218950 Colorado's Ryan White SBIRT Collaborative Project: Screening and brief intervention for substance use in HIV/AIDS case management and healthcare settings

Wednesday, November 10, 2010 : 1:24 PM - 1:42 PM

Leigh Fischer, MPH , SBIRT Colorado, Peer Assistance Services, Inc., Denver, CO
Brenda Kane , SBIRT Colorado, Peer Assistance Services, Inc., Denver, CO
This presentation discusses screening, brief intervention, and referral to treatment for substance use (SBIRT) within HIV/AIDS treatment and care and lessons learned from Colorado's Ryan White SBIRT Collaborative Project. Evidence demonstrates that screening and brief intervention in healthcare settings is effective in changing behavior and preventing adverse outcomes attributable to substances. Studies show people living with HIV are more likely to experience substance abuse problems than the general population, and early detection and intervention offsets the negative ramifications, including poor treatment adherence. Despite the linkage between substance use and HIV, screening and brief intervention protocols have not been readily adopted in the continuum of HIV/AIDS services. In order to introduce SBIRT procedures tailored for HIV/AIDS care in Colorado, we collaborated efforts between SAMHSA's SBIRT initiative and HRSA's Ryan White program. Of 1,954 patients screened, 36% received a brief intervention for risky alcohol, tobacco, or drug use and 19% were referred to specialized treatment. Data suggests people living with HIV are more likely to misuse substances and to experience negative consequences due to their use. Preliminary findings indicate that SBIRT can be successfully implemented into HIV treatment and care to address substance use. This presentation explores the obstacles that hinder the efficacy of SBIRT, and identifies the administrative and policy considerations that are necessary for effective implementation. Recommendations are made for standardizing SBIRT in HIV care: applying a systematic approach to screening; training providers to conduct brief interventions; establishing a referral system; and, integrating SBIRT services with adherence and retention efforts.

Learning Areas:
Administer health education strategies, interventions and programs
Implementation of health education strategies, interventions and programs
Planning of health education strategies, interventions, and programs
Social and behavioral sciences

Learning Objectives:
Evaluate data collected and lessons learned from implementing screening and brief intervention for substance use in eight HIV/AIDS treatment and care settings across Colorado. Compare brief intervention for substance use in eight HIV/AIDS treatment and care settings across Colorado with outcomes from Colorado’s CSAT funded SBIRT initiative. Formulate practical methods for implementing SBIRT within HIV/AIDS services. Identify available tools and resources for introducing screening and brief intervention protocols for substance use in HIV/AIDS care.
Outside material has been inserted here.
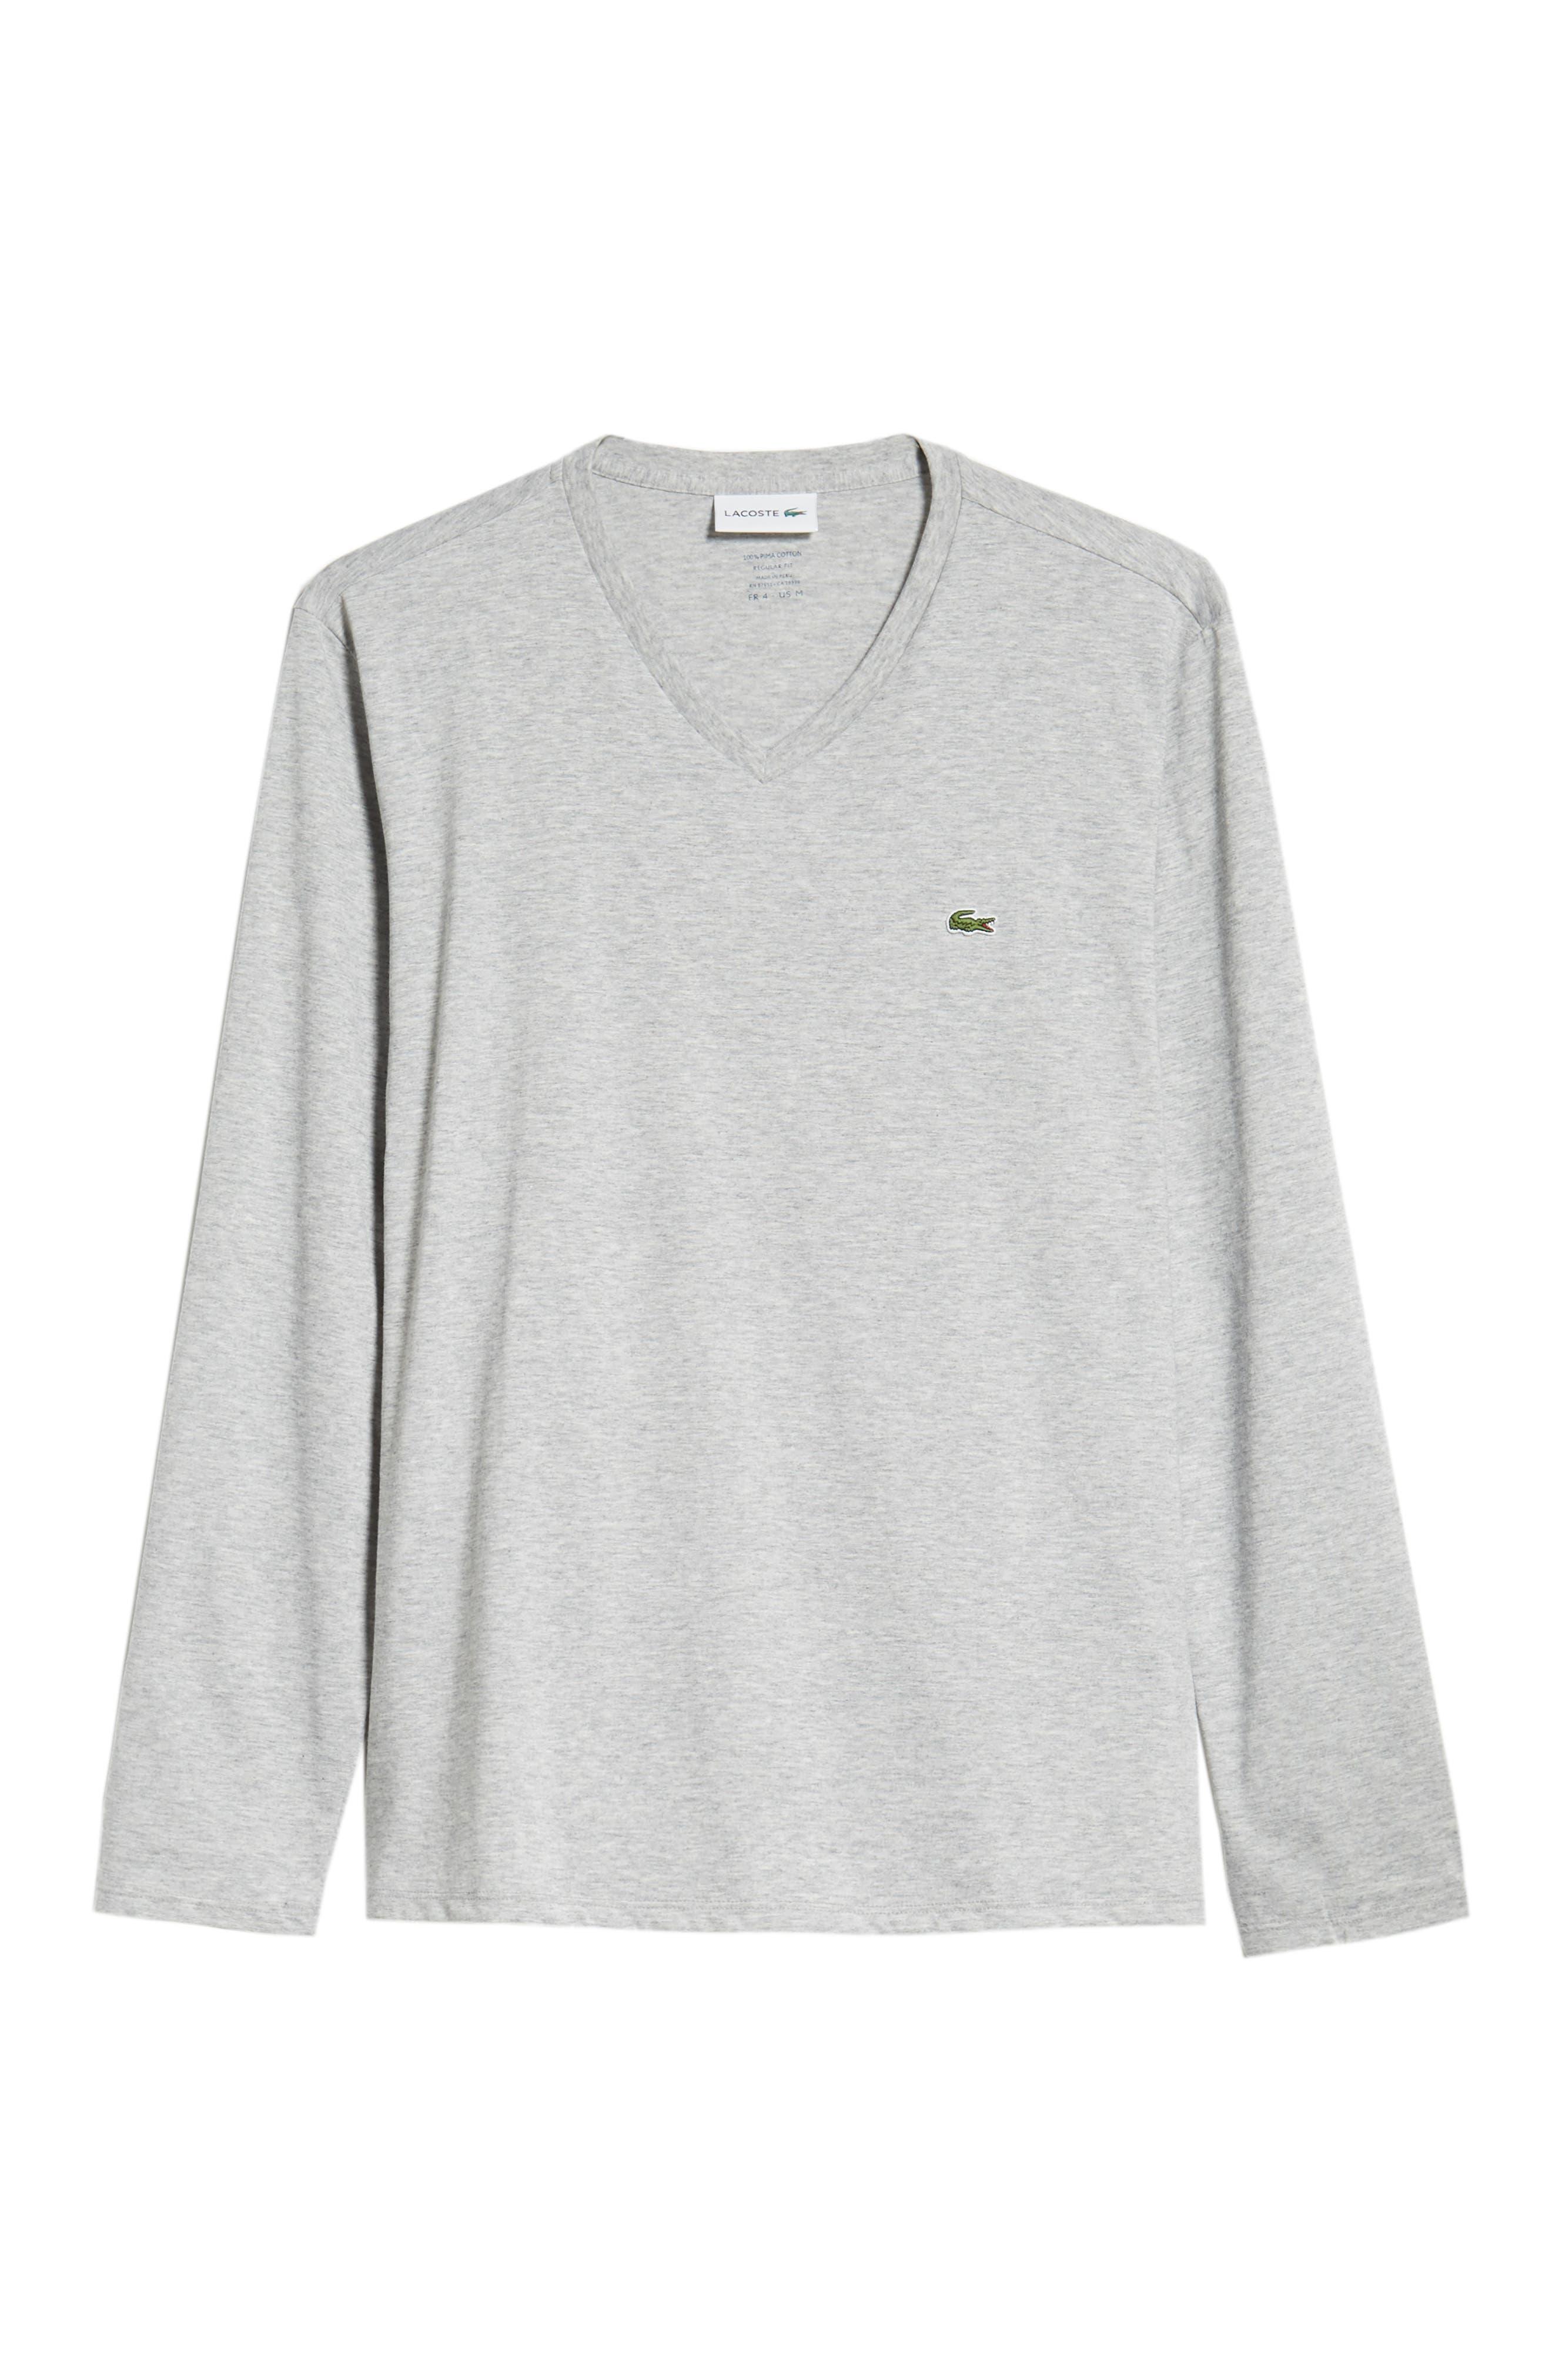 Long Sleeve T-Shirt,                             Alternate thumbnail 6, color,                             SILVER CHINE

Keywords: HIV Interventions, Screening

Presenting author's disclosure statement:

Qualified on the content I am responsible for because: I am qualified to present because I manage an initiative to implement screenings and brief interventions for substance use into a variety of healthcare settings across Colorado.
Any relevant financial relationships? No

I agree to comply with the American Public Health Association Conflict of Interest and Commercial Support Guidelines, and to disclose to the participants any off-label or experimental uses of a commercial product or service discussed in my presentation.